A mente humana pode contar com diversas questões complexas, que direcionam o olhar para certas situações, apaga ou modifica momentos etc. Um das tentativas de A Suspeita é trazer um drama policial que trata sobre os enganos e confusões mentais, a partir de uma doença que ainda assusta profundamente o mundo: Alzheimer. No entanto, ainda que seja verbalizado que a protagonista, Lúcia (Glória Pires), sofre desta condição, o filme parece se perder em sua proposta e apresentar isto – e algumas outras coisas mais – de maneira frouxa e confusa.
A começar pelo fato de que Lúcia demonstra, inicialmente, sintomas de transtorno de ansiedade, como tremedeiras e falta de ar. O desenho de som e a decupagem levam o espectador a compreender a situação da personagem desta forma até dado momento da trama. Após Lúcia ir ao médico e escutar seu diagnóstico é que descobrimos qual é o seu quadro de fato. Estes encaminhamentos são pistas para a visão de que aqui há um enredo mal trabalhado. Talvez, durante a escrita os autores, Newton Cannito (Reza a Lenda), Thiago Dottori (VIPs) e Luiz Eduardo Soares (Tropa de Elite), tenham esquecido de revisar estes detalhes ou investigar com mais propriedade as reações causadas por Alzheimer.
O que importa aqui em A Suspeita é observar como os caminhos e elementos do enredo são desconexos. Há uma ambição de muito contar, deixando alguns pontos pouco explorados. A relação de Lúcia com seu chefe, Avelar (Charles Fricks), por exemplo, ganha algum espaço durante a projeção, mas não há uma construção firme que justifique a intensidade do diálogo da dupla no desfecho da obra. Durante a sessão, o tempo de tela e as situações vividas entre eles são bem semelhantes ao que acontece entre Lúcia e Gouveia (Gustavo Machado).

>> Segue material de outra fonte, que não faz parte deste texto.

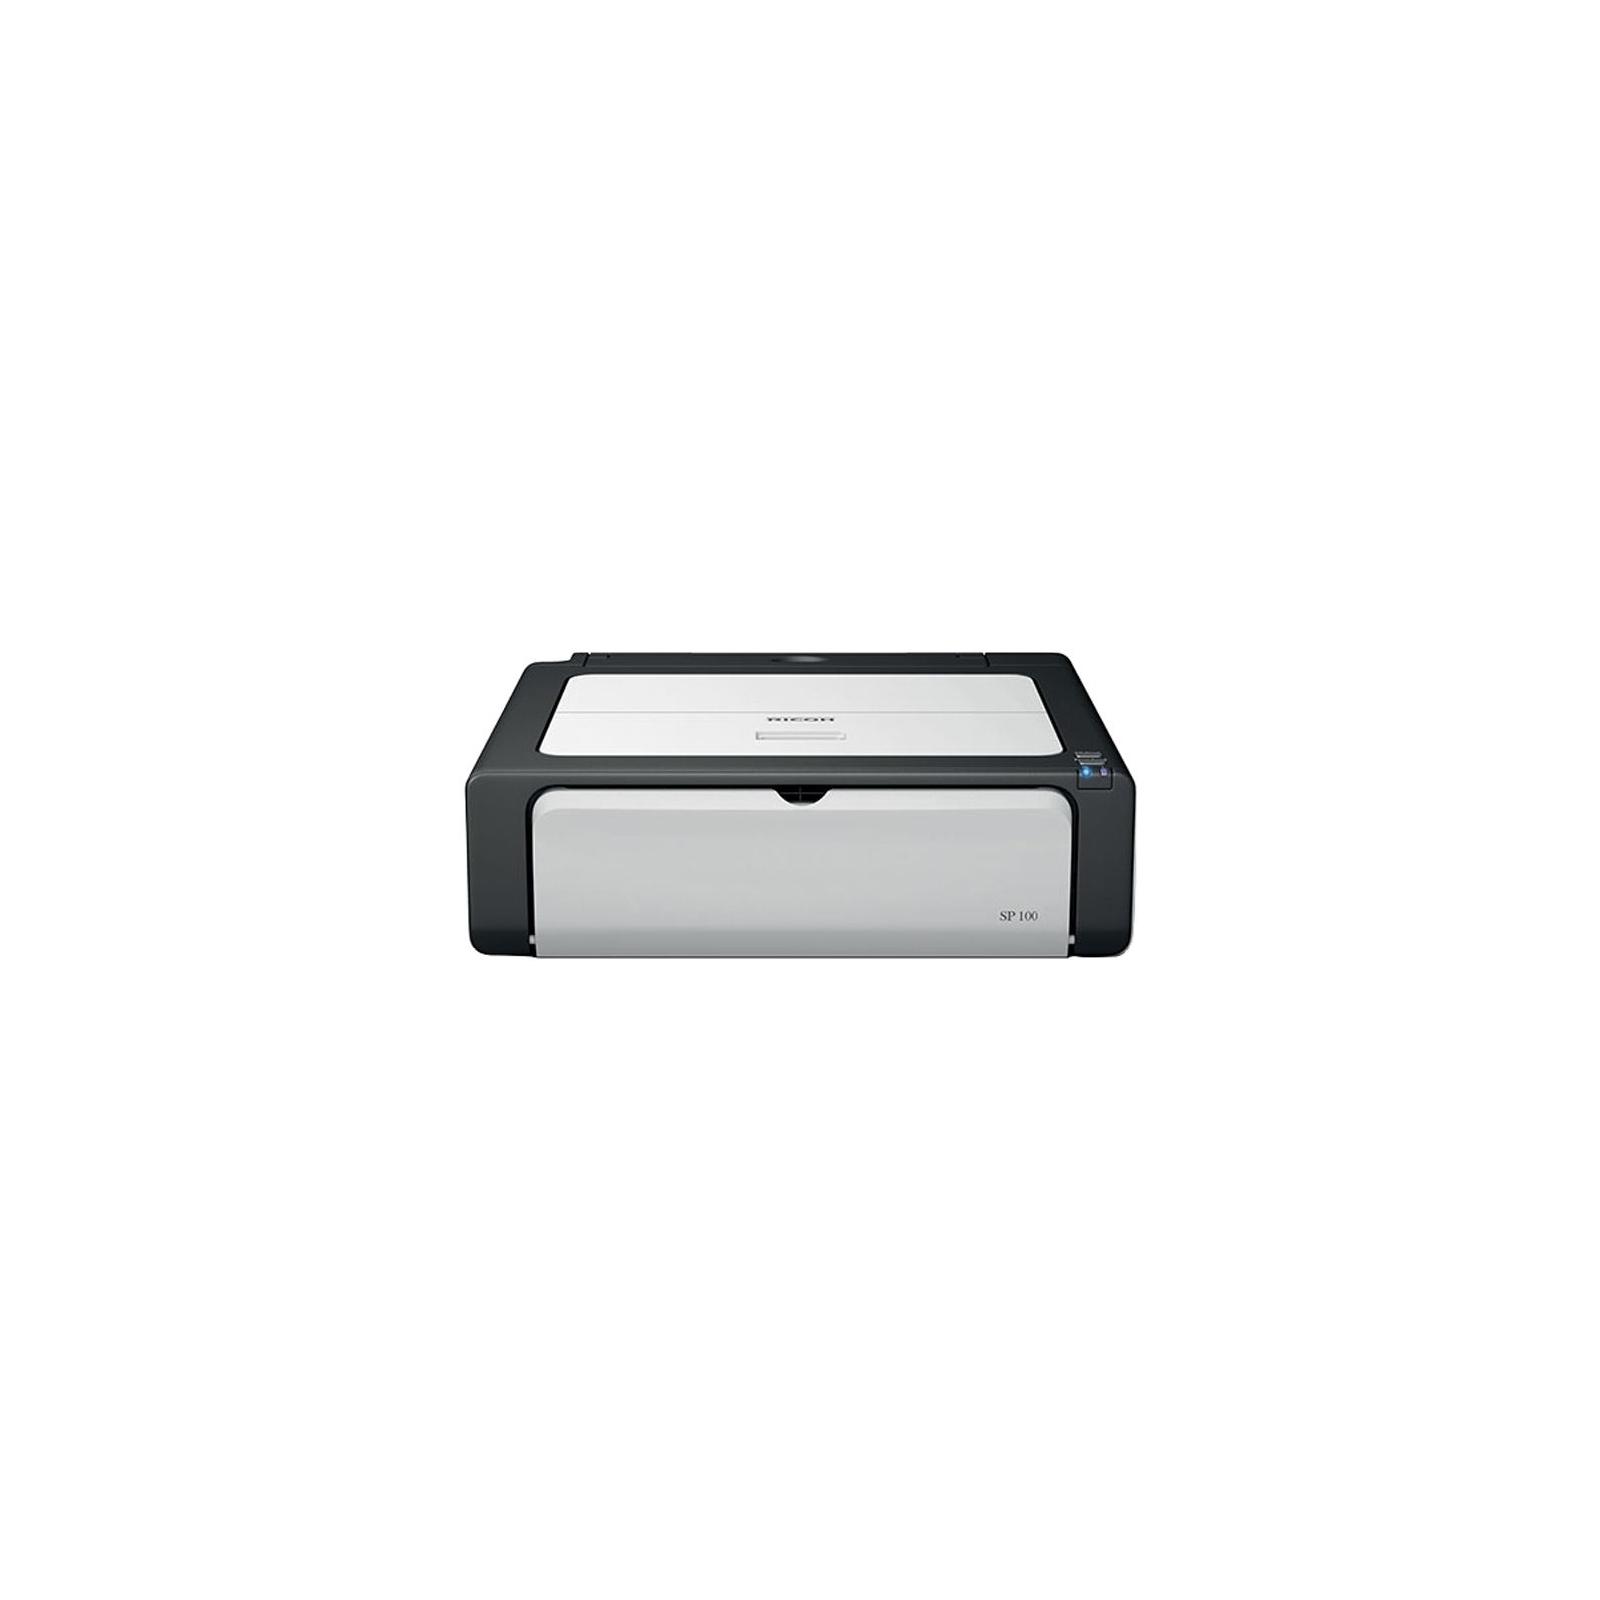 Лазерный принтер Ricoh SP100 (407490) изображение 3

Não é o antigo romance de Lúcia e Avelar que parece ser o foco e sim opressão masculina branca bem como o costumeiro gaslight que estes homens operam para conseguir alcançar o que desejam. Neste aspecto, o longa consegue ser mais feliz, ao imprimir nitidamente como as tensões e privilégios desta parte da sociedade faz com que estes sujeitos saiam, na maioria das vezes, impunes de suas ações inescrupulosas. A atuação de Glória Pires vem como um fomento para este discurso. Ainda que o roteiro de A Suspeita peque em decidir exatamente o que quer falar, no geral, e como irá fazê-lo, Pires conduz sua Lúcia com consciência e tecnicidade apuradas.

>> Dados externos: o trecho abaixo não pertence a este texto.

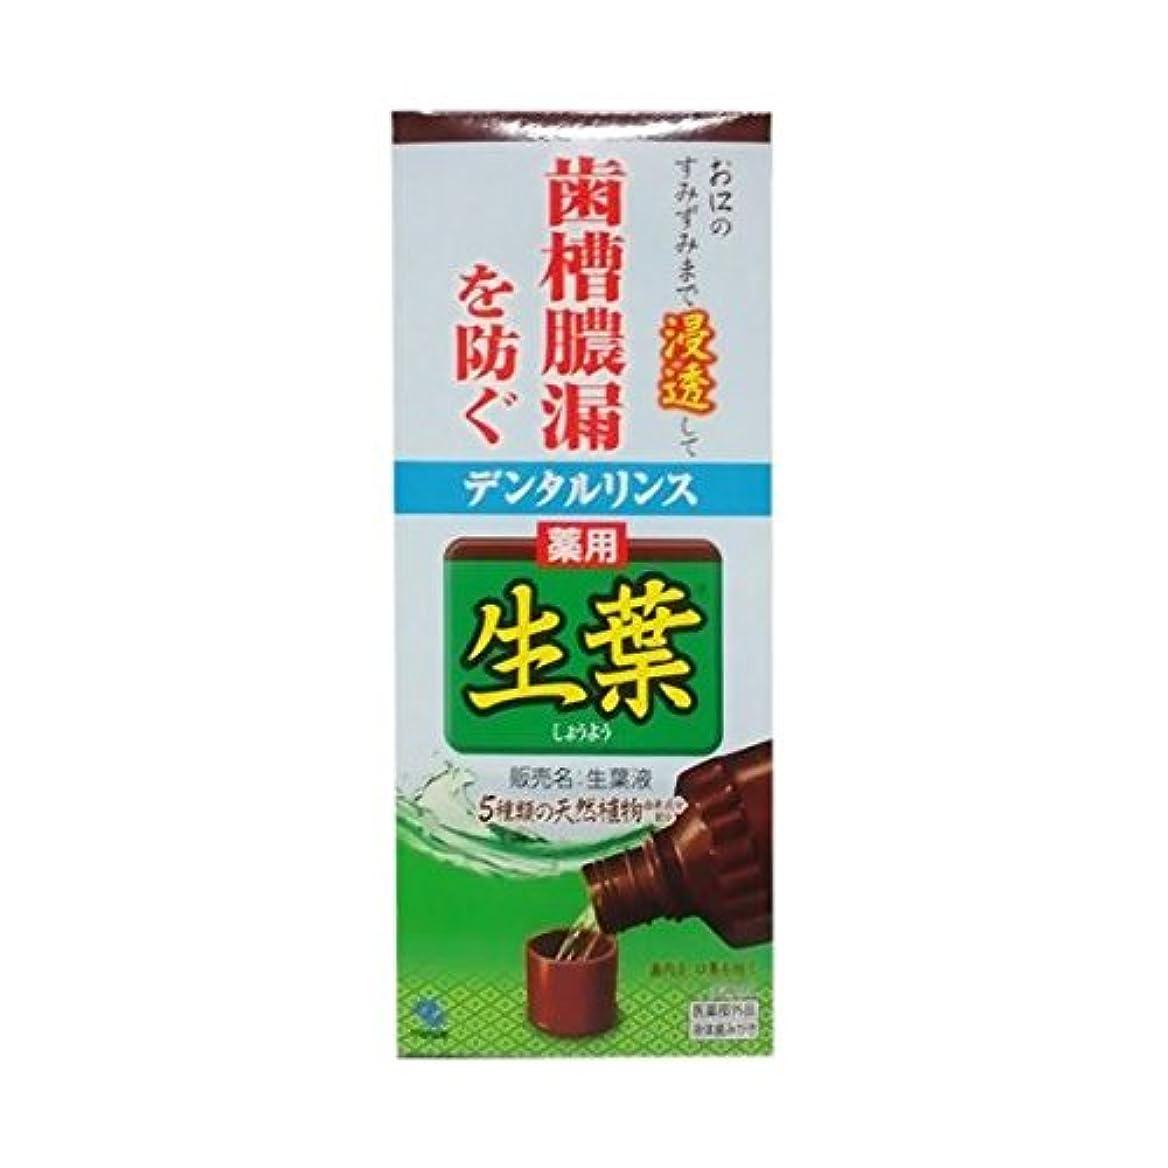 確立方法自己【お徳用 3 セット】 薬用 生葉液 330ml×3セット

Através do controle do tônus corporal, a intérprete transmite as emoções de sua personagem com gestos calculados, deixando orgânicas as tremedeiras, os olhares nervosos e a perda do fluxo de consciência, quando Lúcia sofre as suas perdas de memória. Muitas vezes, o público pode até ligar este papel com o de outra policial ficcional recente. A Lúcia de Glória Pires é quase uma Mare, de Mare of Easttown (HBO, 2021), feita por Kate Wisnlet. A mescla das fragilidades com a dureza provocada pela profissão e a intuição potente são marcas de Lúcia e toda esta complexidade é fruto da interpretação cuidadosa de Pires.
Juntamente com sua atuação, a montagem de Joana Collier (Pacarette) é precisa e chega para aliviar alguns tropeços da direção. O cineasta Pedro Peregrino (Segredos de Justiça) se perde na própria premissa da produção. Com intuito de evocar esta ausência de Lúcia em recordar os fatos, Peregrino utiliza muita imagem desfocada e deixa de fora do ecrã momentos cruciais da narrativa. Esta estratégia poderia ter funcionado, porém o que acaba acontecendo é uma falta de conexão de quem assiste com a história e as lacunas entregam uma sensação de falta de respostas sobre o que ocorre ali dentro, como a razão da doença precoce de Lúcia ou se no confronto dela e Avelar ela estava performando ausência de lucidez ou não ou, até mesmo, na morte de Beto (Daniel Bouzas), quando é quase impossível enxergar as ações que levaram a este fato.
Neste sentido, é que a edição vem para sanar alguns destes incômodos, aumentando a dinâmica das cenas e trazendo um pouco mais de sentido para as ações. Desta maneira, pode-se dizer que A Suspeita apresenta toda uma intencionalidade positiva e até possui algumas partes técnicas bem realizadas. Contudo, o seu resultado, como um todo, é solto e perdido.